# Tree of Burls in Boston



## Johnturner (May 13, 2017)

On May 11, I was strolling through the Boston Public Gardens, a well manicured park in central Boston (a smaller version of Central Park in NYC), and I noticed this tree with a mass of burls. Just thought you guys might be interested. It is identified as a "Weeping Pagoda"

Reactions: Like 2 | Way Cool 3


----------



## Ray D (May 13, 2017)

Very cool. Is that the little park that has a bridge over a small pond....and some large bronze ducks. At least I remember them being bronze.
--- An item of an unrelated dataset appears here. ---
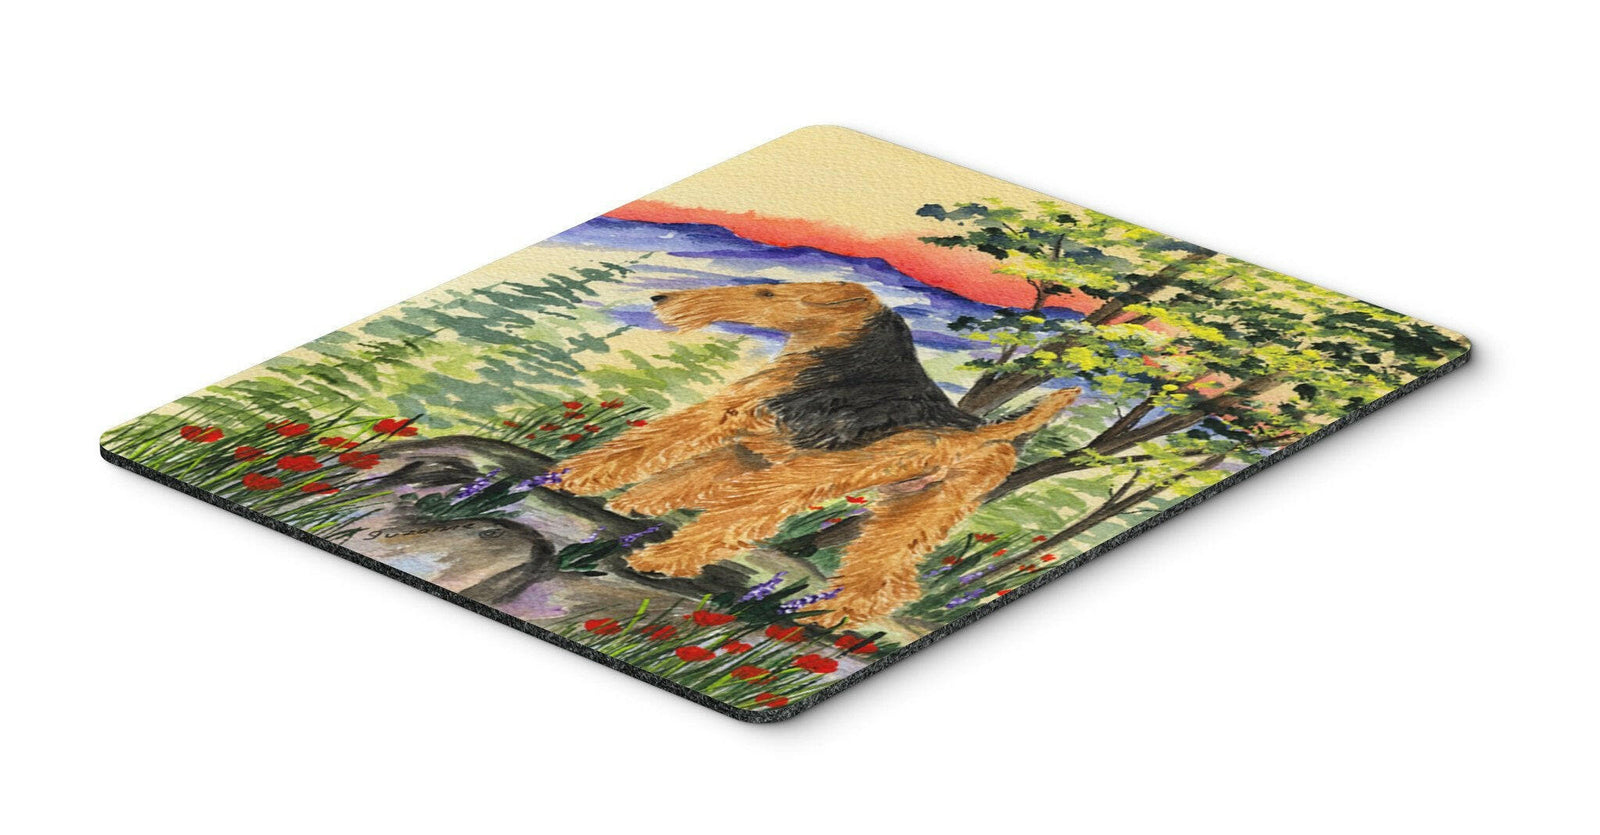 Lakeland Terrier Mouse Pad / Hot Pad / Trivet by Caroline's Treasures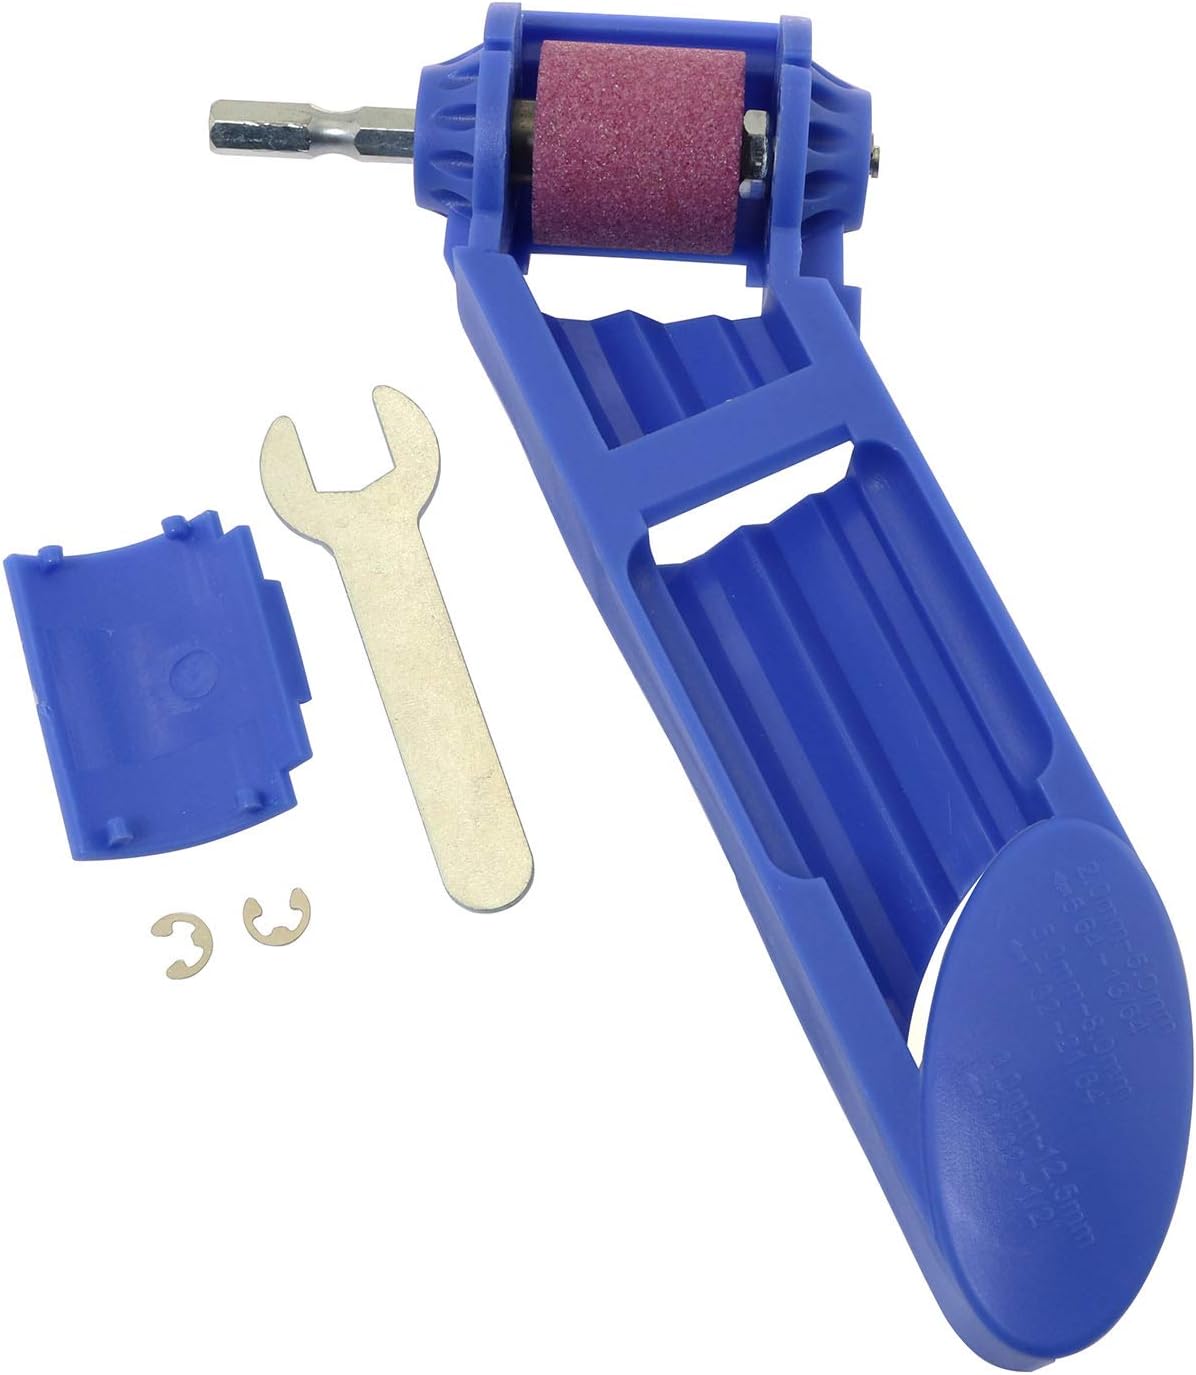 Magic&shell Diamond Drill Bit Sharpening Tool Corundum Grinding Wheel with Spanner Wrench for Grinder Polishing Blue

Lol.


----------



## CWS (May 13, 2017)

Time to get out the battery operated chainsaw and a headband flashlight.


----------



## Johnturner (May 13, 2017)

Yes Ray that's the park and the ducks are still there!


----------



## Ray D (May 13, 2017)

Johnturner said:


> Yes Ray that's the park and the ducks are still there!


I figured that was the same park. We spent a few days there back in 2010. I remember seeing some pretty cool trees there.


----------



## phinds (May 13, 2017)

I'm not sure if those are burls or some kind of "scar tissue" from that big wound. @Mr. Peet will know. There are a bunch of different kinds of abnormal growths on trees other than burls.


----------



## Mr. Peet (May 13, 2017)

Weeping Japanese Scholar tree, cool for sure. That callus material is sure to have some figure mixed in. If it where harvested the material could easily be passed of as burled of figured. It is not however actual burl. Great picture. I'd tell the little kids to behave, "See that tree, it ate a piece of sidewalk", then point out the concrete in the open wound.

By the way, that Latin name has been changed 5 years or more ago to _Styphnolobium japonicum_ (Sophora j. is now the synonym).

Reactions: Informative 2


----------